■ Task instructions ■
Write out the entries once more, exactly as they appear.
─── Exercise data
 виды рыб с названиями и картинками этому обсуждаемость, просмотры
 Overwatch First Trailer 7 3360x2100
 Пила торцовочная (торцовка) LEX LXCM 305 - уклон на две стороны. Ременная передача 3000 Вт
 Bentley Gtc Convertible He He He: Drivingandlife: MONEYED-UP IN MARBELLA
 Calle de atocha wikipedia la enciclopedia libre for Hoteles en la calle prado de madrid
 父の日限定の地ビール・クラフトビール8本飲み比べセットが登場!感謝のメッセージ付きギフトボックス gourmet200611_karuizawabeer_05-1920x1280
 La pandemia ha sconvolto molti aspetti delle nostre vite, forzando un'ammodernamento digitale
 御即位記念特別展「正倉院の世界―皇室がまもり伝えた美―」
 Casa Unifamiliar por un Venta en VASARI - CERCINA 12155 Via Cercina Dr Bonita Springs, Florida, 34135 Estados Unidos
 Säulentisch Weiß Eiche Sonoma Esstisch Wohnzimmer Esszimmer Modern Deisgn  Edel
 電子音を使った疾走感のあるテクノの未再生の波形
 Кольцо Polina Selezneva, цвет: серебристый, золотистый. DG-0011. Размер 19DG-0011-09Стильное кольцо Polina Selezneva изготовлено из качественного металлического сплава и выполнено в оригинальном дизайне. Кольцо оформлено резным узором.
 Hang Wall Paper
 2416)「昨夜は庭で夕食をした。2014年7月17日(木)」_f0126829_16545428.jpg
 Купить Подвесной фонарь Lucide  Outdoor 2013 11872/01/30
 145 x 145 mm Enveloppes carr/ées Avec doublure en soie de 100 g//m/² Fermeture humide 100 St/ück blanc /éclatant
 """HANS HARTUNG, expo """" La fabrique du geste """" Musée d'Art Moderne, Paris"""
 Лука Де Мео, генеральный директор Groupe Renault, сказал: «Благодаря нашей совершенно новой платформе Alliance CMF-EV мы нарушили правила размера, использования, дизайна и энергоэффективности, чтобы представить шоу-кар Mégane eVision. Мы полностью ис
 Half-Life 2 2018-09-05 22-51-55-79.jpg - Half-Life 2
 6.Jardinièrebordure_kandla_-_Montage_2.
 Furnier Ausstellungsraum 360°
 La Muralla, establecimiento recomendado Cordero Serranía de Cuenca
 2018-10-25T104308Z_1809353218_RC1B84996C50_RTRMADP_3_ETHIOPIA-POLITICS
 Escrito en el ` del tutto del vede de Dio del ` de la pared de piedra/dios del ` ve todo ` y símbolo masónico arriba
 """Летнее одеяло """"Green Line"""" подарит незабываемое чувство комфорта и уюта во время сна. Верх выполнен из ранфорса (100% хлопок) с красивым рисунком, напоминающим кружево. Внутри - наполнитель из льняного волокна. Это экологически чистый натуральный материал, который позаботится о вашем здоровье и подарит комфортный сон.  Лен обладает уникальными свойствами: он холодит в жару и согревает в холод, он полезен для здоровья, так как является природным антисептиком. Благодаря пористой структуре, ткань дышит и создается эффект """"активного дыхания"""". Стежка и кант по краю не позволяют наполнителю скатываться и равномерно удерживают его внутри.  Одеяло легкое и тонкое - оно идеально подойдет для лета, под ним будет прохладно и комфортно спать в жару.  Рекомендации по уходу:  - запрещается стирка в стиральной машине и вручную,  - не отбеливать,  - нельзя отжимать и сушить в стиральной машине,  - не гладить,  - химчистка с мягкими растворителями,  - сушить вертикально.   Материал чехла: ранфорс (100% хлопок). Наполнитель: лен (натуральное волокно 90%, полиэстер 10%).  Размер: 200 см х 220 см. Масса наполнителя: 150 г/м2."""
──────
■ Answer box ■
 виды рыб с названиями и картинками этому обсуждаемость, просмотры
 Overwatch First Trailer 7 3360x2100
 Пила торцовочная (торцовка) LEX LXCM 305 - уклон на две стороны. Ременная передача 3000 Вт
 Bentley Gtc Convertible He He He: Drivingandlife: MONEYED-UP IN MARBELLA
 Calle de atocha wikipedia la enciclopedia libre for Hoteles en la calle prado de madrid
 父の日限定の地ビール・クラフトビール8本飲み比べセットが登場!感謝のメッセージ付きギフトボックス gourmet200611_karuizawabeer_05-1920x1280
 La pandemia ha sconvolto molti aspetti delle nostre vite, forzando un'ammodernamento digitale
 御即位記念特別展「正倉院の世界―皇室がまもり伝えた美―」
 Casa Unifamiliar por un Venta en VASARI - CERCINA 12155 Via Cercina Dr Bonita Springs, Florida, 34135 Estados Unidos
 Säulentisch Weiß Eiche Sonoma Esstisch Wohnzimmer Esszimmer Modern Deisgn  Edel
 電子音を使った疾走感のあるテクノの未再生の波形
 Кольцо Polina Selezneva, цвет: серебристый, золотистый. DG-0011. Размер 19DG-0011-09Стильное кольцо Polina Selezneva изготовлено из качественного металлического сплава и выполнено в оригинальном дизайне. Кольцо оформлено резным узором.
 Hang Wall Paper
 2416)「昨夜は庭で夕食をした。2014年7月17日(木)」_f0126829_16545428.jpg
 Купить Подвесной фонарь Lucide  Outdoor 2013 11872/01/30
 145 x 145 mm Enveloppes carr/ées Avec doublure en soie de 100 g//m/² Fermeture humide 100 St/ück blanc /éclatant
 """HANS HARTUNG, expo """" La fabrique du geste """" Musée d'Art Moderne, Paris"""
 Лука Де Мео, генеральный директор Groupe Renault, сказал: «Благодаря нашей совершенно новой платформе Alliance CMF-EV мы нарушили правила размера, использования, дизайна и энергоэффективности, чтобы представить шоу-кар Mégane eVision. Мы полностью ис
 Half-Life 2 2018-09-05 22-51-55-79.jpg - Half-Life 2
 6.Jardinièrebordure_kandla_-_Montage_2.
 Furnier Ausstellungsraum 360°
 La Muralla, establecimiento recomendado Cordero Serranía de Cuenca
 2018-10-25T104308Z_1809353218_RC1B84996C50_RTRMADP_3_ETHIOPIA-POLITICS
 Escrito en el ` del tutto del vede de Dio del ` de la pared de piedra/dios del ` ve todo ` y símbolo masónico arriba
 """Летнее одеяло """"Green Line"""" подарит незабываемое чувство комфорта и уюта во время сна. Верх выполнен из ранфорса (100% хлопок) с красивым рисунком, напоминающим кружево. Внутри - наполнитель из льняного волокна. Это экологически чистый натуральный материал, который позаботится о вашем здоровье и подарит комфортный сон.  Лен обладает уникальными свойствами: он холодит в жару и согревает в холод, он полезен для здоровья, так как является природным антисептиком. Благодаря пористой структуре, ткань дышит и создается эффект """"активного дыхания"""". Стежка и кант по краю не позволяют наполнителю скатываться и равномерно удерживают его внутри.  Одеяло легкое и тонкое - оно идеально подойдет для лета, под ним будет прохладно и комфортно спать в жару.  Рекомендации по уходу:  - запрещается стирка в стиральной машине и вручную,  - не отбеливать,  - нельзя отжимать и сушить в стиральной машине,  - не гладить,  - химчистка с мягкими растворителями,  - сушить вертикально.   Материал чехла: ранфорс (100% хлопок). Наполнитель: лен (натуральное волокно 90%, полиэстер 10%).  Размер: 200 см х 220 см. Масса наполнителя: 150 г/м2."""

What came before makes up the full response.